Лабиринт (СИ) - Бар Иден
Шрифт:
Интервал:
Закладка:
Пока едем дальше, невольно думаю о том, что у него ведь, кроме деда, никого из родственников нет. Или есть? Алекс кажется таким погружённым в себя сейчас, что я не решаюсь задавать вопросы.
Вероятнее всего, из-за загруженности по работе он редко бывает у деда и, наверное, оттого чувствует себя виноватым. Интересно, как давно они виделись?
Наш путь пролегает мимо большого и старого, если не сказать заброшенного, парка, который вдруг за одним из поворотов дороги резко заканчивается высокой каменной аркой-сводом. Очень древней, судя по ее виду. Неспешно выходим из машины.
Пока я с открытым ртом созерцаю арку и уходящее вглубь нее некое подобие каменного коридора, Алекс достаёт корзинку. Перевожу на нее взгляд.
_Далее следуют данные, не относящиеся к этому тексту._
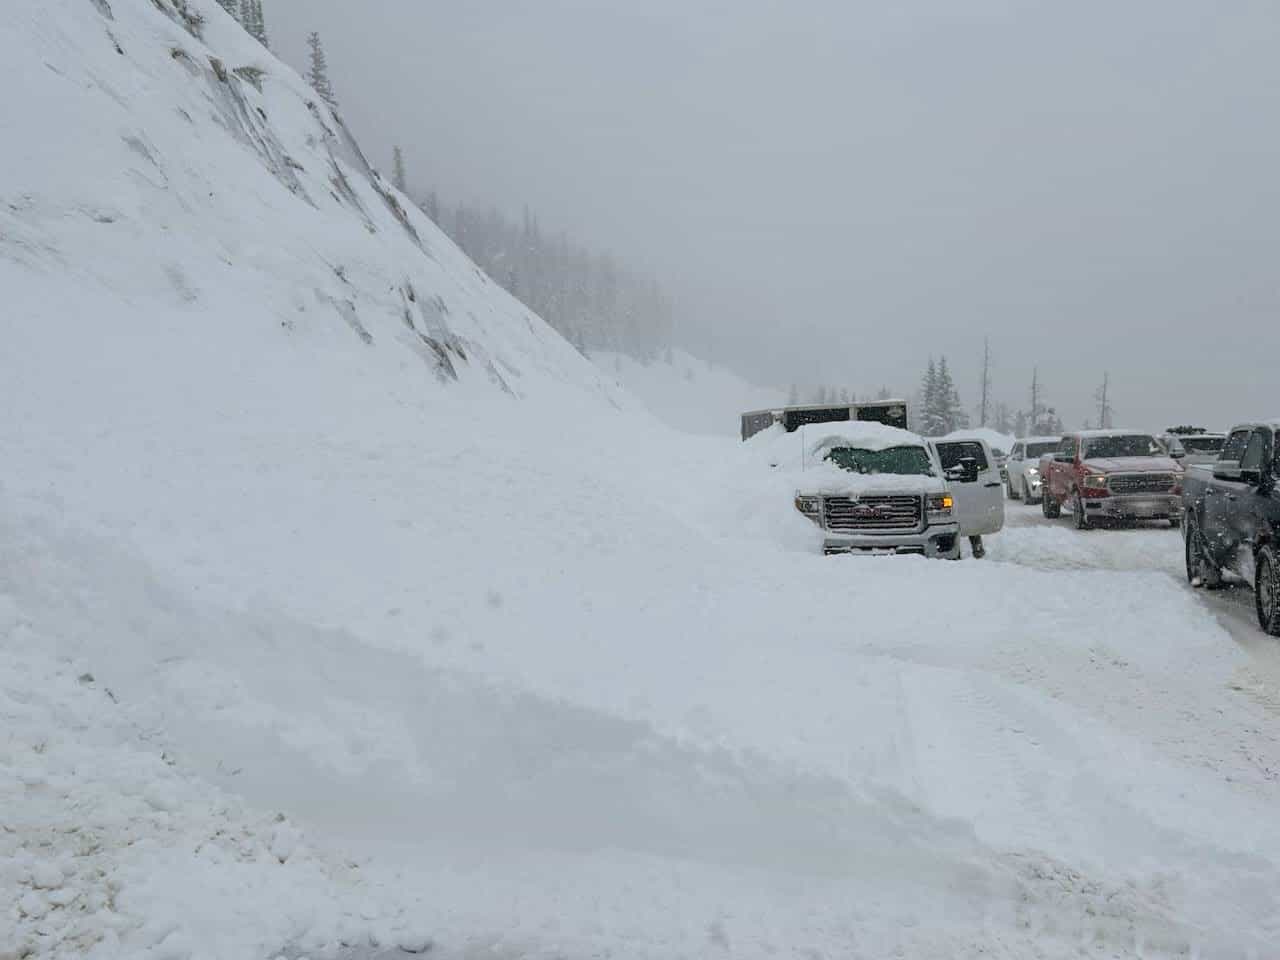 Berthoud Pass avalanche buried 10 cars

- Амарант, - отвечает он на мой немой вопрос тут же. В корзинке удивительной красоты малюсенький куст с крупными сочными листьями и ярко-красными гроздьевидными цветами, - символ веры и бессмертия. Они нравились ему, в его дворе до сих пор растут такие.
Только в этот момент я окончательно понимаю, что Алекс привез меня на кладбище.
В горле застревает ком, молча иду за ним. Он усмехается, видимо заметив ошарашенное выражение моего лица. Пытается «скрасить» мрачность этого места своим рассказом о нем:
- Хайгейтское кладбище, одно из старейших в Лондоне. В его восточную часть каждый день водят туристов за деньги, там преимущественно захоронения девятнадцатого века. Как по мне жуть, ни за что не ходил бы по кладбищу просто поглазеть. Но о вкусах не спорят, как сказал, английский, кстати, классик…
Алекс болтает и ещё что-то. Но я ясно вижу, что за всей этой пространной речью он прячет от меня свою пронзительную тоску.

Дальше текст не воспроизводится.